Он встал, собираясь уйти, но, опустив взгляд, обнаружил, что вечернее солнце вытянуло почти к центру шабоно его тощую и нескладную тень. Несколько мгновений он стоял не шелохнувшись, глядя на нее, пошевелил руками, словно желая удостовериться в том, что это действительно его тень, а затем повернулся к наблюдавшей за ним Айзе.

– Иногда, – сказал он, – я стараюсь уверить себя в том, что хочу защитить тебя, как отец. Но бывает, что испытываю непреодолимое желание сорвать с тебя одежду и тысячу раз изнасиловать. – Он тряхнул головой, словно пытаясь отогнать от себя черные мысли. – Это настоящее испытание – находиться рядом с тобой. Настоящее испытание, и Канайма это знает.

– Ксанан тоже знает.

– А ты знаешь?

Она печально улыбнулась:

– Мне известно об этом с того вечера, когда отец попросил меня больше не садиться к нему на колени. Вероятно, в тот день солнце светило у него за спиной, но я почувствовала себя совершенно несчастной.

– А сейчас?

– Сейчас все по-другому. Вы мне не отец, и я уже привыкла.

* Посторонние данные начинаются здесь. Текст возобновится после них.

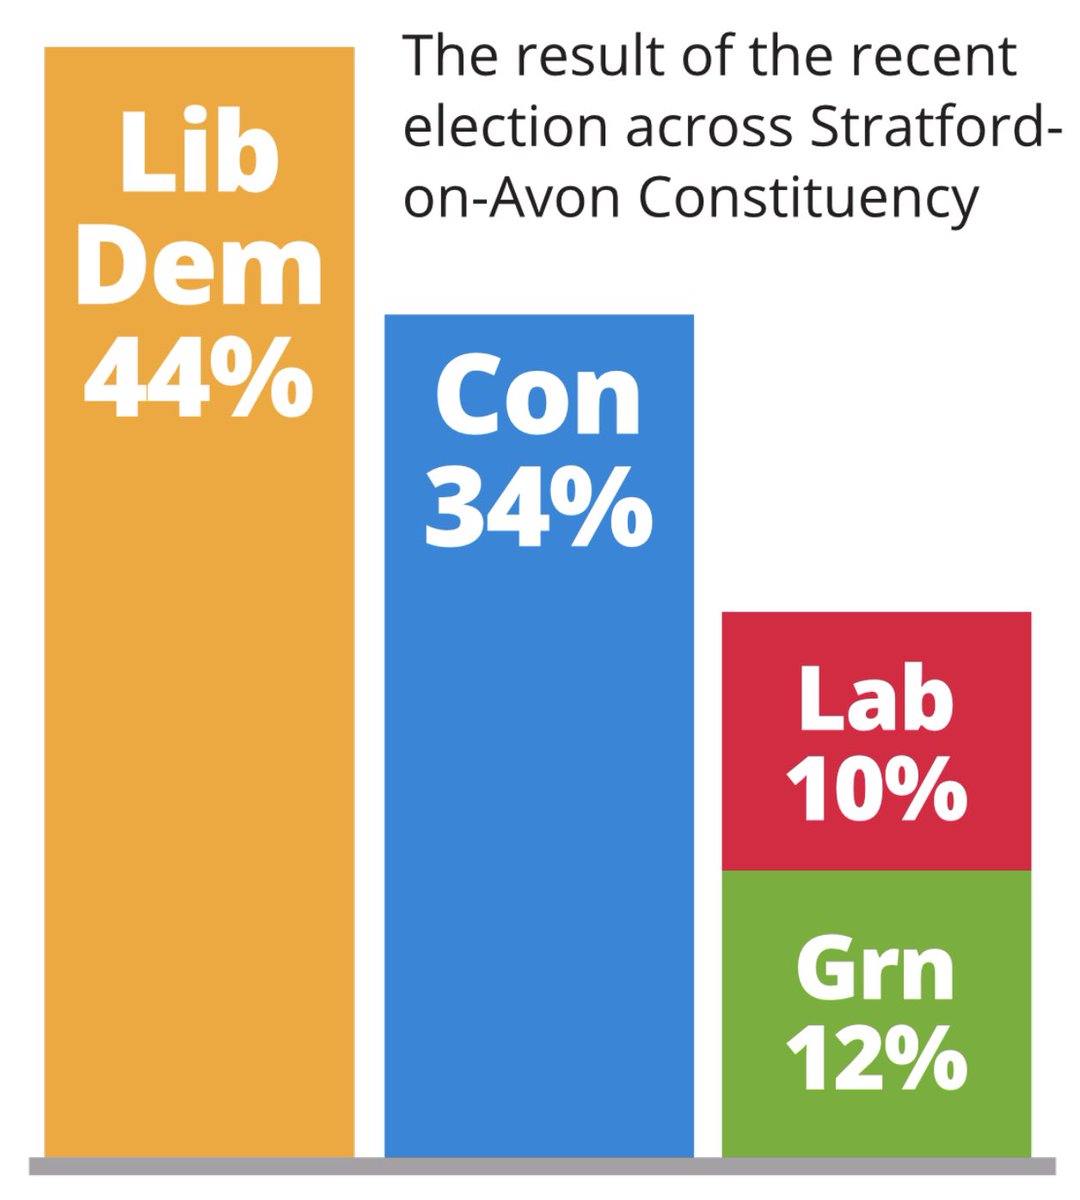 @StratfordLabour There’s no Labour here in Stratford! The Lib Dems took control of Stratford on Avon District Council last May. Labour won zero seats. The Lib Dems have already beaten the Tories here once, and we are the only party who can do it again on 4th July!

Он кричал в пустоту, а ответом ему было молчание. Зеленые кроны деревьев, обдуваемые ветерком, трепетали, словно легкие волны гуляли по темному и плотному морю, образующему непроницаемый покров: поди узнай, где прячется человек, решивший тебя убить.

Белые цапли возвращались в свои гнезда, ибисы по-прежнему украшали красным цветом желтый фламбойян, ястреб сидел на вершине черной каменной стены, словно молчаливый свидетель его страха, а дым все так же пачкал темно-синее небо, по которому солнце скользило к закату.

Бачако еще раз окликнул своего врага, но врагом были тысячи деревьев, давшие тому приют.

Куда же он делся?

Откуда звучали выстрелы, которые искали его смерти, как только он высовывался за край карниза?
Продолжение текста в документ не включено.